Thursday, October 24, 2013

Jim Grant: Another US 'Default' Inevitable

Jim Grant says that a US debt default is inevitable but not the way you usually think of it. In fact, we've 'defaulted' in our history a number of times. The default that I'm talking about is from inflation or 'devaluation' that dilutes the value of our currency and reduces the value paid to our foreign and domestic creditors.

A little history lesson: The dollar was defined in post US revolutionary time as 1/20th of an ounce of gold. This lasted until FDR, when he devalued to 1/35th of ounce of gold. That lasted until the Nixon administration where he abandoned the Bretton Woods accord (1971) and let the dollar price float and freed it altogether from it's anchor in gold. Today, one dollar is 1/1,325th of an ounce of gold.

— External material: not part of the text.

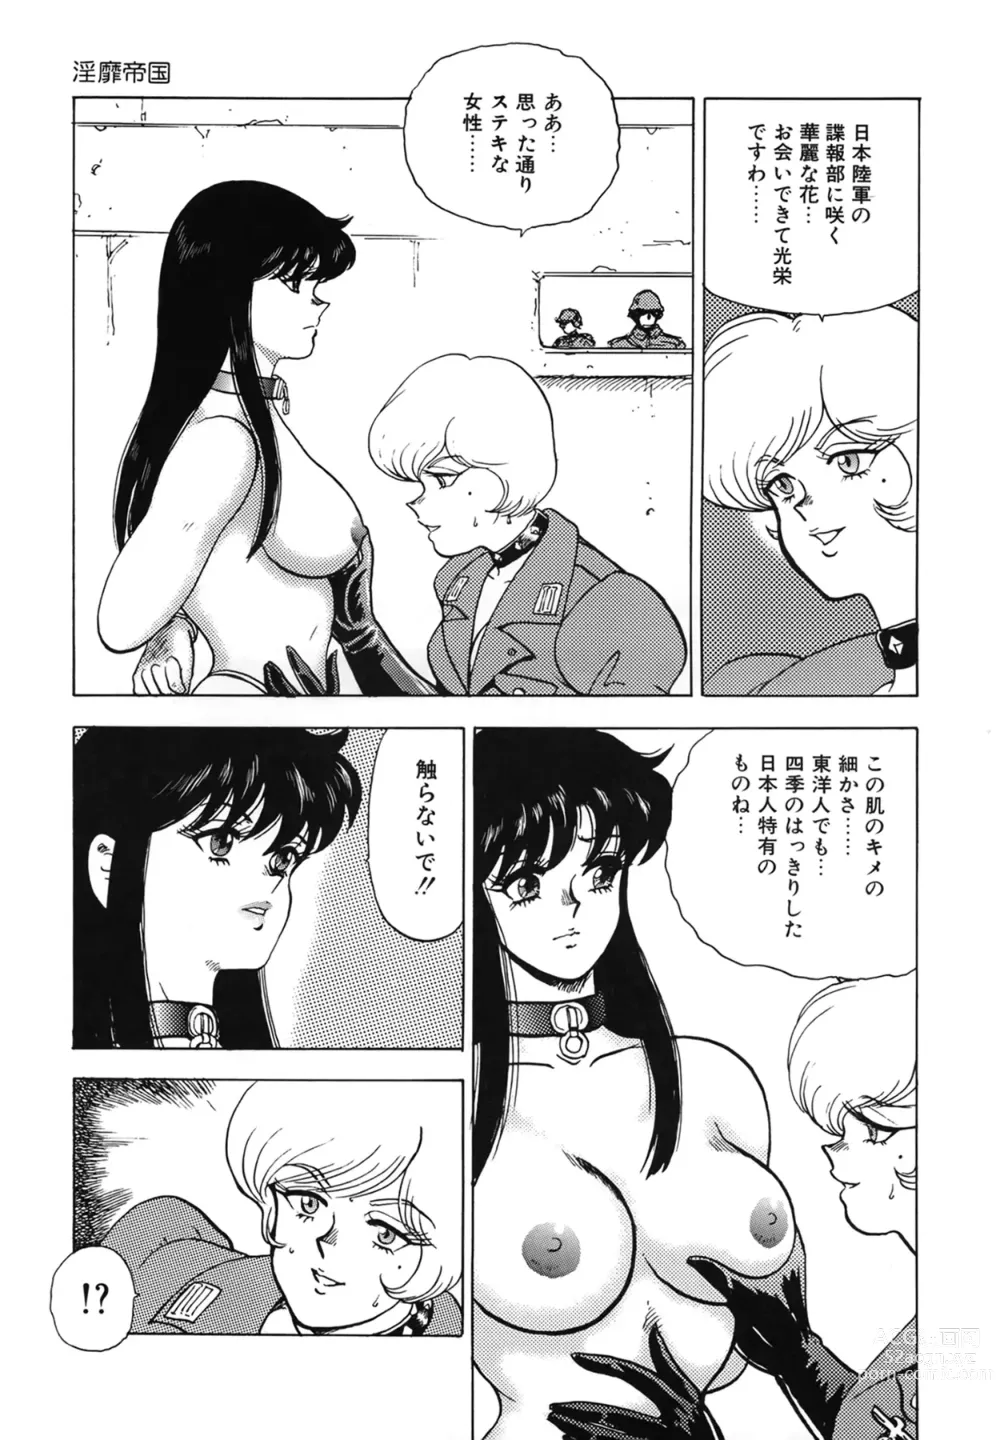 Page 15 of manga Inbi Teikoku

US prices since the formation of the Federal Reserve have risen 23 fold in 100 years, a 95% devaluation.

Although a good bit of dollar devaluation occurred after 1971 but also occurred during periods where the gold standard was in force.  But it is the rise of federal deficits, chronic trade imbalances, chronic current account imbalances and money printing that have occurred after 1971--all of which threatens another Great Depression.  We barely avoided depression in 2009.  Since nothing has been fixed, expect more crises and more brushes with disaster. 

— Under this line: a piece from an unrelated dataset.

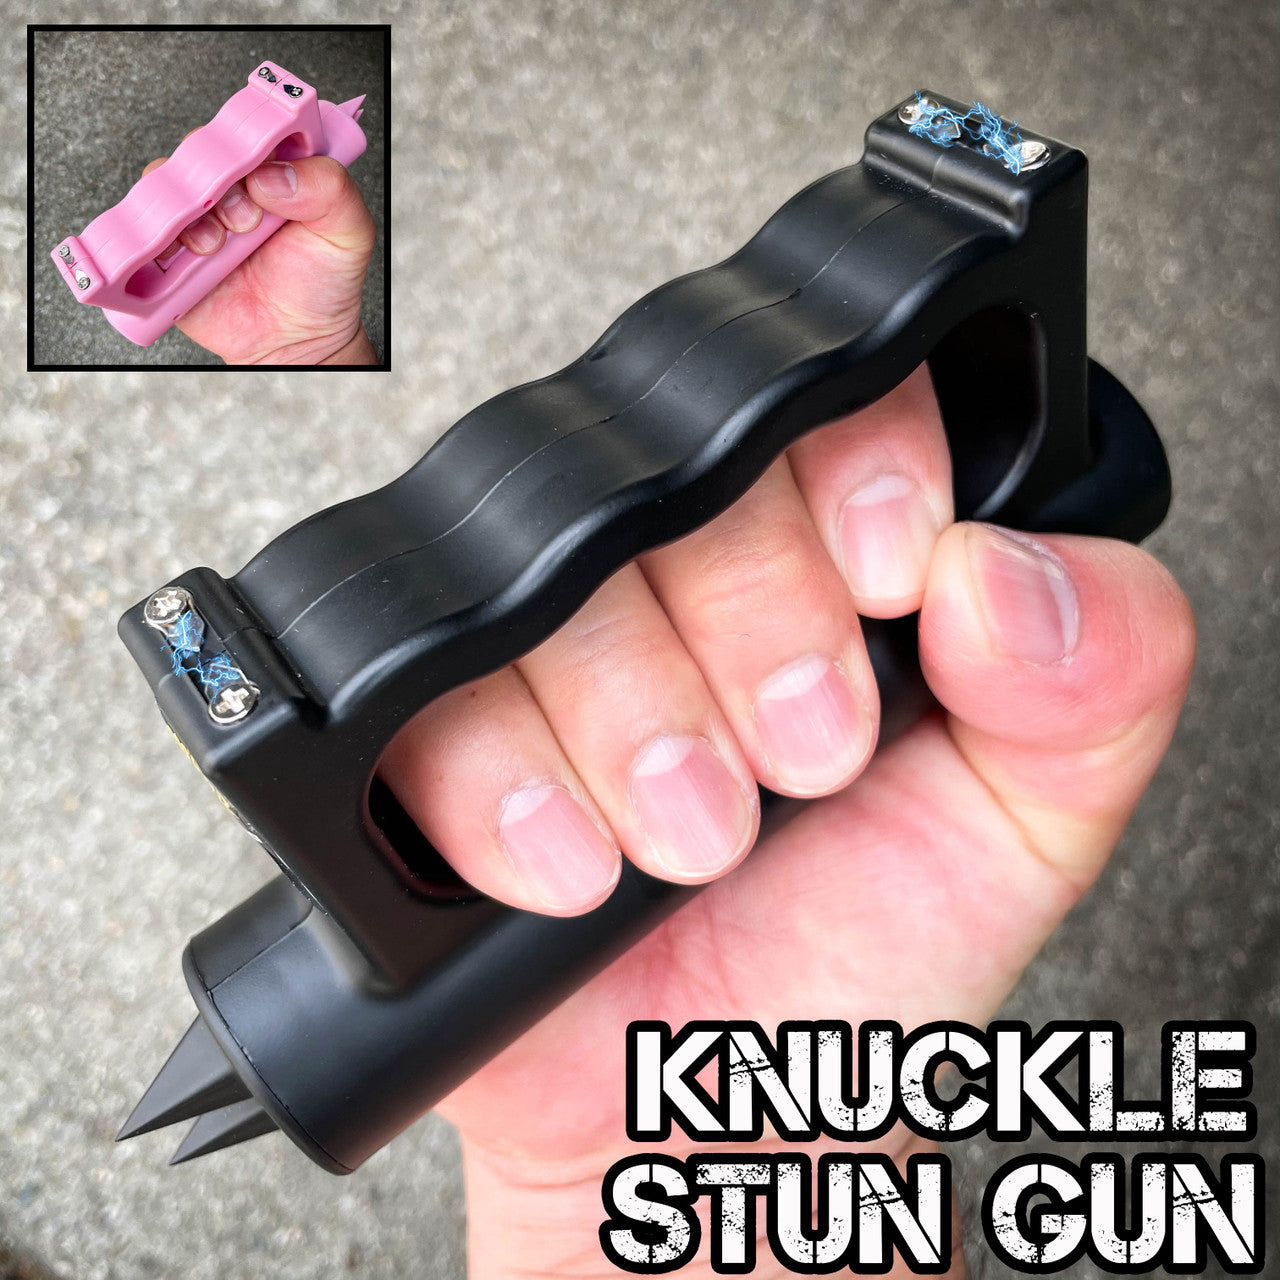 Double Down 23,000,000 Knuckle Stun Gun w/ Light Lifetime Warranty

The gold standard has many problems but those problems will pale in comparison to the troubles ahead with the "PhD standard."

From Jim Grant in the Washington Post:

The U.S. government defaulted after the Revolutionary War, and it defaulted at intervals thereafter. Moreover, on the authority of the chairman of the Federal Reserve Board, the government means to keep right on shirking, dodging or trimming, if not legally defaulting.

Default means to not pay as promised, and politics may interrupt the timely service of the government’s debts. The consequences of such a disruption could — as everyone knows by now — set Wall Street on its ear. But after the various branches of government resume talking and investors have collected themselves, the Treasury will have no trouble finding the necessary billions with which to pay its bills. The Federal Reserve can materialize the scrip on a computer screen.

Things were very different when America owed the kind of dollars that couldn’t just be whistled into existence. By 1790, the new republic was in arrears on $11,710,000 in foreign debt. These were obligations payable in gold and silver. Alexander Hamilton, the first secretary of the Treasury, duly paid them. In doing so, he cured a default.

Hamilton’s dollar was defined as a little less than 1/20 of an ounce of gold. So were those of his successors, all the way up to the administration of Franklin D. Roosevelt. But in the whirlwind of the “first hundred days” of the New Deal, the dollar came in for redefinition. The country needed a cheaper and more abundant currency, FDR said. By and by, the dollar’s value was reduced to 1/35 of an ounce of gold.

By any fair definition, this was another default.  Creditors both domestic and foreign had lent dollars weighing just what the Founders had said they should weigh. They expected to be repaid in identical money.

Language to this effect — a “gold clause” — was standard in debt contracts of the time, including instruments binding the Treasury. But Congress resolved to abrogate those contracts, and in 1935 the Supreme Court upheld Congress.

The “American default,” as this piece of domestic stimulus was known in foreign parts , provoked condemnation in the City of London. “One of the most egregious defaults in history,” judged the London Financial News. “For repudiation of the gold clause is nothing less than that. The plea that recent developments have created abnormal circumstances is wholly irrelevant. It was precisely against such circumstances that the gold clause was designed to safeguard bondholders.”

The lighter Roosevelt dollar did service until 1971, when President Richard M. Nixon lightened it again. In fact, Nixon allowed it to float. No longer was the value of the greenback defined in law as a particular weight of gold or silver. It became what it looked like: a piece of paper.

Yet the U.S. government continued to find trusting creditors. Since the Nixon 'default,' the public’s holdings of the federal debt have climbed from $303 billion to $11.9 trillion.

If today’s political impasse leads to another default, it will be a kind of technicality. Sooner or later, the Obama Treasury will resume writing checks. The question is what those checks will buy.

“Less and less,” is the Federal Reserve’s announced goal.  Under Chairman Ben Bernanke (with the full support of the presumptive chairman-to-be, Janet Yellen), the central bank has redefined price “stability” to mean a rate of inflation of 2 percent per annum. Any smaller rate of depreciation is an unsatisfactory showing to be met with a faster gait of money-printing, policymakers say.

In other words, the value of money has become an instrument of public policy, not an honest weight or measure. In such a setting, an old-time “default” is impossible. How can a creditor cry foul when the government to which he is lending has repeatedly said that the value of the money he lent will shrink?